# Why do we use the chi-squared test to test independence of 2 categorical variables?

I sometimes use the chi-squared test to test the independence of categorical variables. I know how to do the test but don't know the underlying concepts and details.

So, I was wondering about the following:

1. What exactly is chi-squared?
2. Why does it work in testing the independence of variables?
3. Why do we say that if the p-value is less than 0.01 / 0.05 we reject null hypothesis?

Instead of asking why the chi-squared test assesses independence, think about how you would test the association of two categorical variables against the null hypothesis of independence. For the sake of simplicity, consider two variables / properties A and B, each with two levels, "yes" and "no". A set of N units each has some combination of those properties. For example, A could be lung cancer, B could be exposure to radon, and the units could be people / patients. The numbers might look like this:

table = as.table(rbind(c(1,2),
c(3,4) ))
rownames(table) = c("yes", "no")
colnames(table) = c("no", "yes")
table
# lung.cancer no yes
#         yes  1   2
#         no   3   4


Now, we want to test these variables for independence; what do we mean by "independence"? We aren't interested in testing if any of the proportions are any particular value. We want to know if being in a particular column is associated with being in a particular row. If the rows and columns are independent, knowledge of which column a patient is in provides no information about which row they are in.

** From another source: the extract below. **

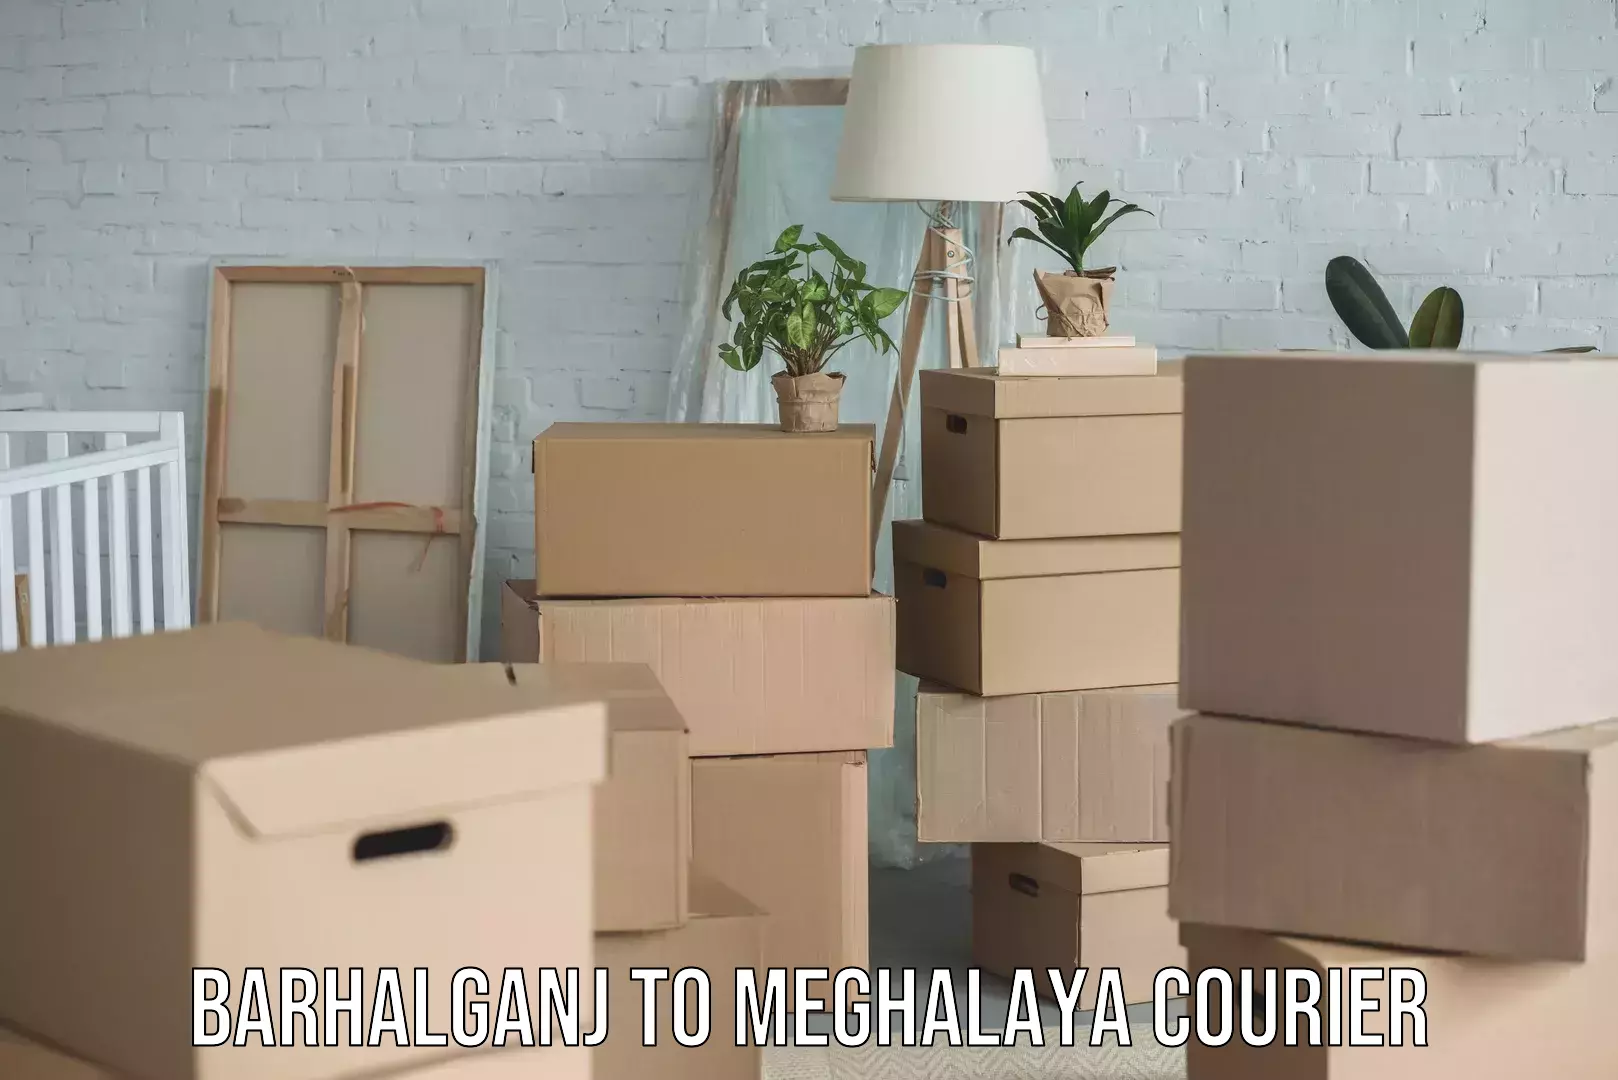 Nationwide delivery network Barhalganj to Meghalaya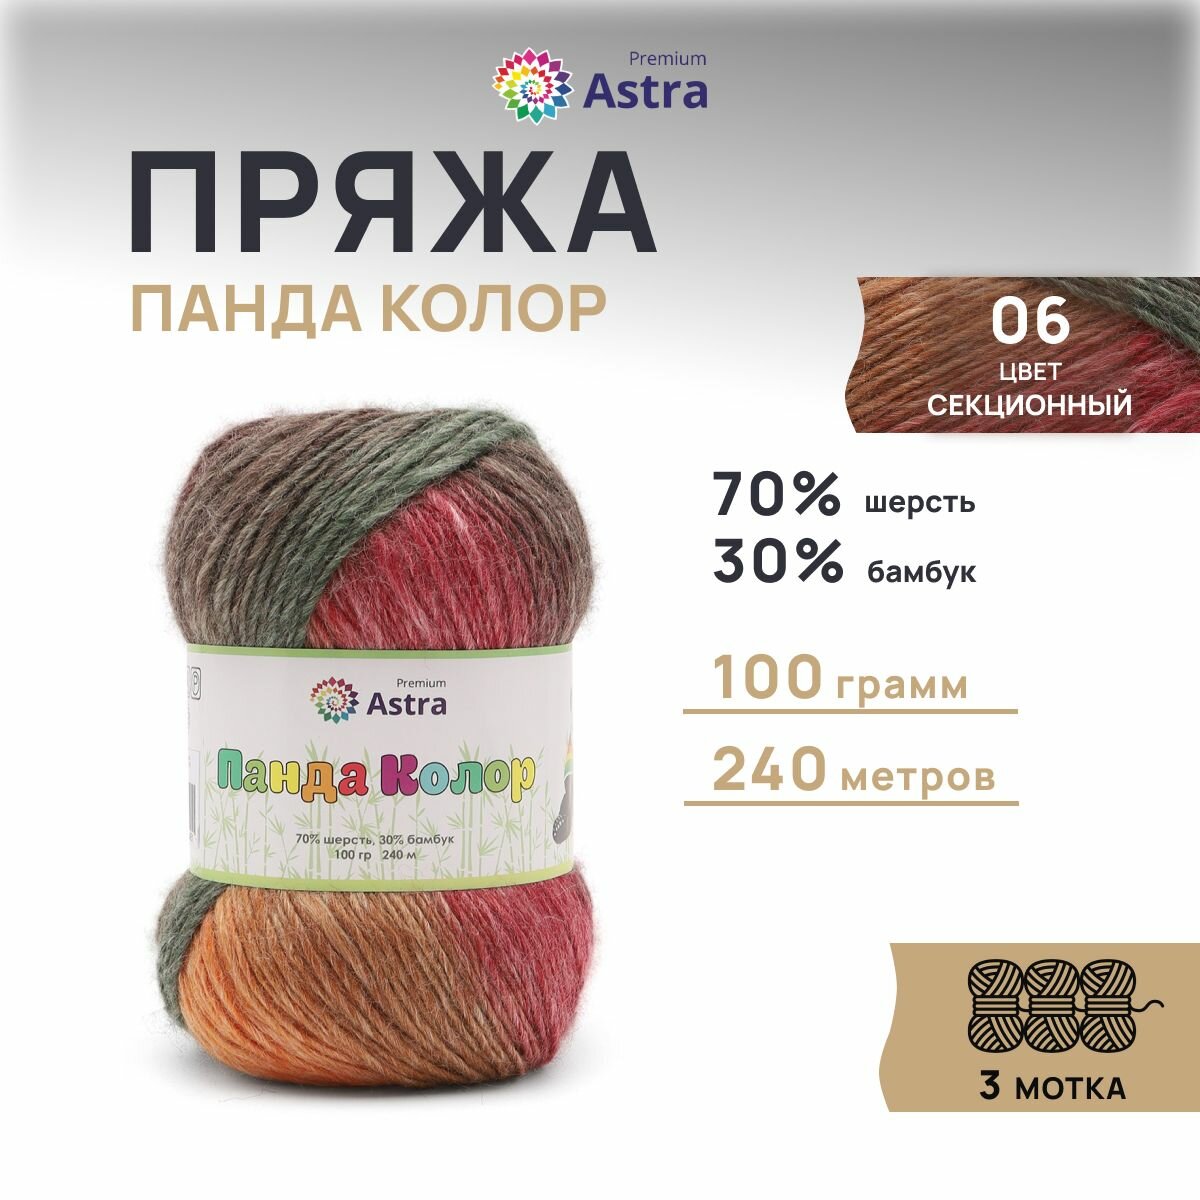 Пряжа для вязания Astra Premium 'Панда Колор' (Panda Color) 100г, 240м (70% шерсть, 30% бамбук) (06 секционный), 3 мотка

Our total number of patients in this study is $N = 10$. How would those observations be distributed under the null (i.e., if the variables were independent)? Well, the probability of having been exposed to radon is $Pr(R = {\rm yes})$, and the probability of having lung cancer is $Pr(LC = {\rm yes})$, so from basic probability we know that the probability of having been exposed to radon and having lung cancer is $Pr(R = {\rm yes})Pr(LC = {\rm yes})$, and the probability of not having been exposed to radon and having lung cancer is $(1-Pr(R = {\rm yes}))Pr(LC = {\rm yes})$, etc. To get the expected count, we can multiply those probabilities by N. A problem here is that we don't know the probabilities of people being exposed to radon or of having lung cancer. We can estimate those probabilities from our data as the number who had been exposed to radon / have lung cancer divided by the total. Thus, we can estimate the component probabilities and ultimately the expected counts under the null.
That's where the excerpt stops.